#3 Intimidating Others

Most leaders want to be approachable, yet many of us unknowingly put people off. In fact, if you are a leader, someone will inevitably be intimidated by you.  We’re in a series entitled Five Top Leadership Blind Spots. You can read my previous articles about the first two blind spots: Being the Exception and Needing to be Right. This third blind spot is especially precarious because intimidation ruins relationships.


Well, guess what? Usually, others won’t tell you that you are intimidating because you are intimidating. Thankfully, there have been a few people who have said that I come across unapproachable at times. For me, that hurts. I want people to like me. I want to be the person people feel comfortable hanging around. But I have learned a few things in my own life that make me less approachable. Here are the culprits and a few things I’m doing to help!

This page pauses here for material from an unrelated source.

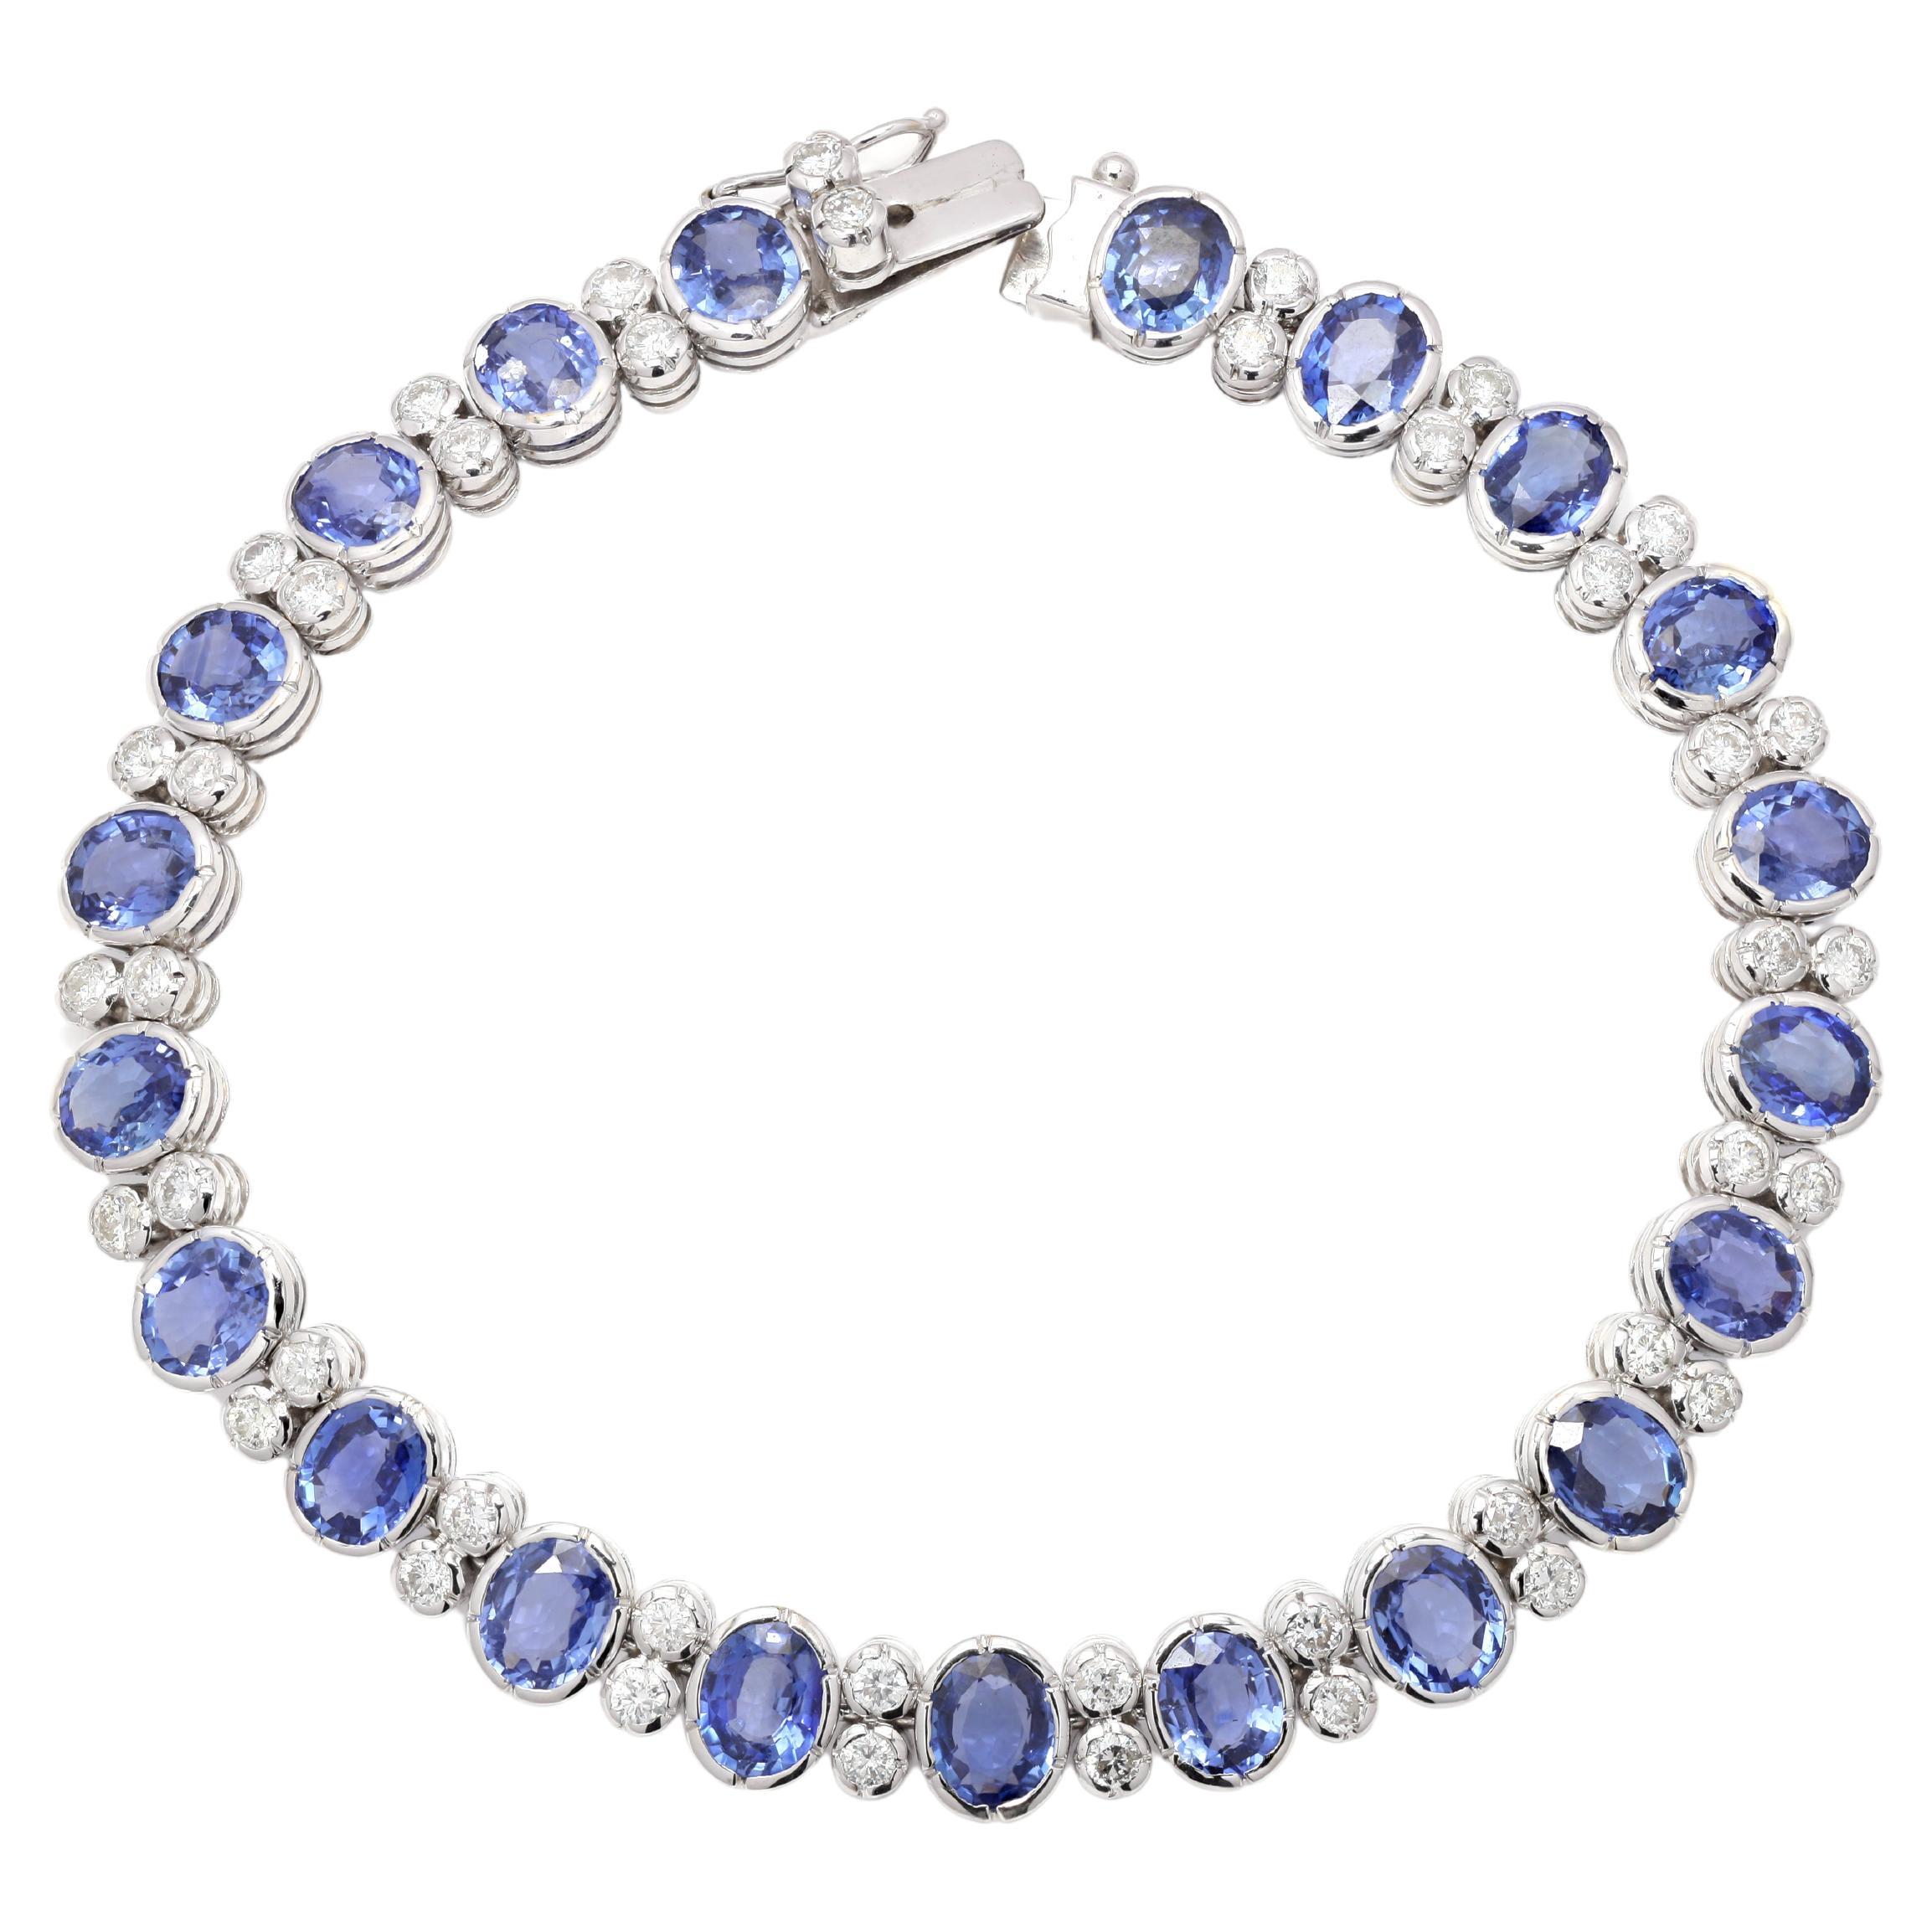 15.45 Carat Blue Sapphire Wedding Bracelet with Diamonds Inset 18K White Gold For Sale

  1. An aggressive tone of voice. Often it isn’t what I say, but how I say it. When I give a quick, firm response, it comes across that I don’t value the person nor their ideas. The key is to slow down and listen. Eric Geiger says that we simply underestimate the power of our position. He writes, “Every word from the mouth of a leader is received with amplified impact, so leaders who bring sharp critiques to their teams must do so very carefully.” If the leader thinks the rebuke is a ‘5,’ the people likely hear it as an “8.’” We have to watch our words. Slow down and be less assertive.
  1. Not being friendly. This may sound too simple, but failing to say “hello” and smiling can give the wrong impression. People deserve our attention. I don’t like to chitchat. I like to stay on task and move on. However, being in a rush never builds friendships. The more personable you are, the less people are going to be nervous around you. So I try to relax and smile more!
  1. Criticism or Silence. Both saying too much and not saying anything can separate you from others. I’ve done both. Someone said that any advice that isn’t asked for comes across as criticism. Being an armchair quarterback way comes way to easy for me. Criticizing nor clamming up doesn’t solve anything. I have to remind myself that anyone can share what is wrong with something. Stay away from sarcasm and put-downs. It takes a good leader to encourage and make a positive difference.
  1. Shutting someone down. There are times when I just think I’m right. I fail to take the time to consider another perspective. This is a problem, not only because it offends others, it discourages further contribution and sharing. Simply put, we turn people off along with their input in the future. Instead, ask for feedback. Let others know that you are okay with them disagreeing with you. Work on not being defensive.